Um Patrimônio Preso ao Passado

Obras de Roberto Carlos e Erasmo Carlos transcendem gerações, consolidando-se como parte essencial da cultura brasileira. Canções que embalaram a Jovem Guarda continuam a emocionar públicos diversos, mas a decisão do STJ limita sua exploração criativa e comercial por parte dos próprios artistas ou seus descendentes. A Fermata, como detentora dos direitos, pode optar por manter as músicas em formatos tradicionais ou licenciá-las para novos projetos, mas sem a necessidade de envolver os criadores. Esse controle exclusivo levanta debates sobre como preservar o legado cultural sem restringir sua evolução, especialmente em um mercado que valoriza releituras e adaptações para alcançar novas audiências.

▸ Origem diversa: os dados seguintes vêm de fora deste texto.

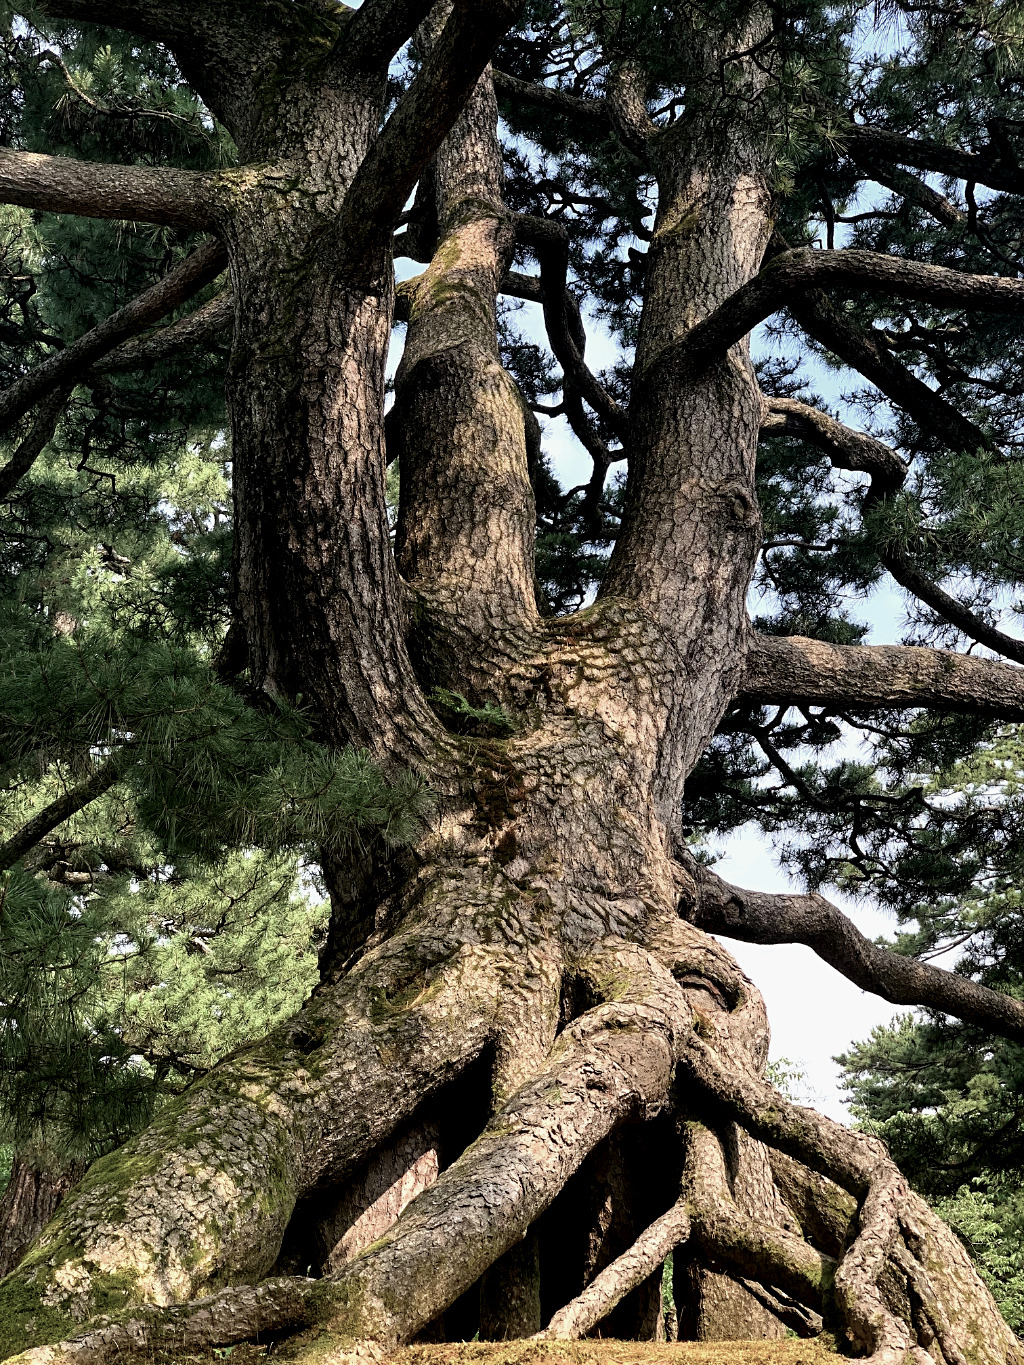 Neagarinomatsu Pine in Kenrokuen, Kanazawa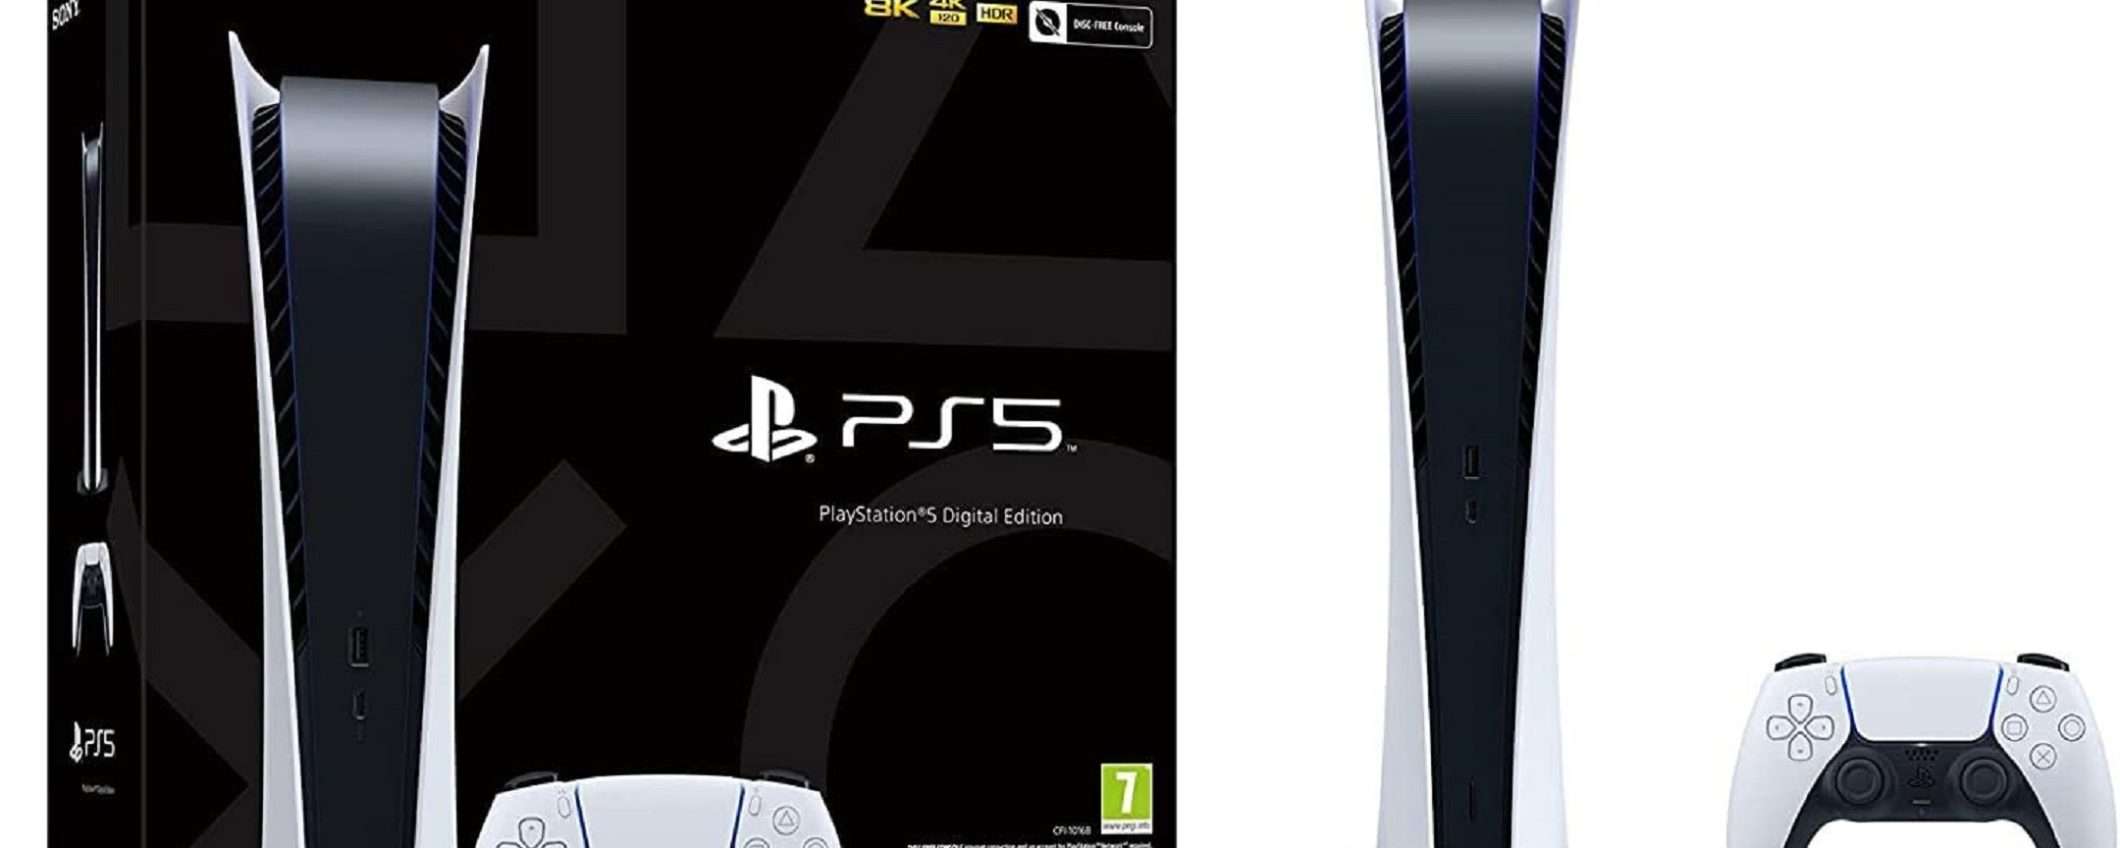 PlayStation 5 edizione Digitale: su Amazon la potete acquistare a soli 439€

A receita gerada por essas obras em plataformas digitais segue crescendo, mas os benefícios não chegam diretamente aos herdeiros de Erasmo ou a Roberto Carlos. Em um setor onde o streaming movimenta bilhões anualmente, a rigidez dos contratos antigos destaca a urgência de equilibrar interesses comerciais com a valorização dos artistas que moldaram a história da música brasileira.

Lições Para a Nova Geração

Diante desse cenário, novos artistas têm muito a aprender com o caso da dupla. A falta de previsão para mudanças tecnológicas nos contratos dos anos 1960 serve como alerta para a importância de negociações bem fundamentadas. Especialistas recomendam que músicos priorizem acordos que garantam flexibilidade, como contratos de edição ou licenciamento, em vez de cessões definitivas. A inclusão de cláusulas de revisão periódica também é essencial para adaptar os termos às transformações do mercado, assegurando que os criadores mantenham influência sobre suas obras mesmo em um futuro imprevisível.

Caminho Para Proteger Direitos Autorais

Orientar-se adequadamente antes de assinar contratos pode evitar situações como a enfrentada por Roberto e Erasmo. Algumas medidas práticas incluem:

  • Consultar advogados especializados em direitos autorais para revisar todos os termos.
  • Evitar acordos que transfiram permanentemente os direitos patrimoniais.
  • Negociar prazos definidos ou opções de renegociação para se adaptar a novas tecnologias.
  • Monitorar oportunidades de monetização digital, como royalties de streaming e licenciamentos.

Essas estratégias ajudam a garantir que os artistas mantenham controle sobre suas criações, aproveitando ao máximo as possibilidades oferecidas pelo mercado atual.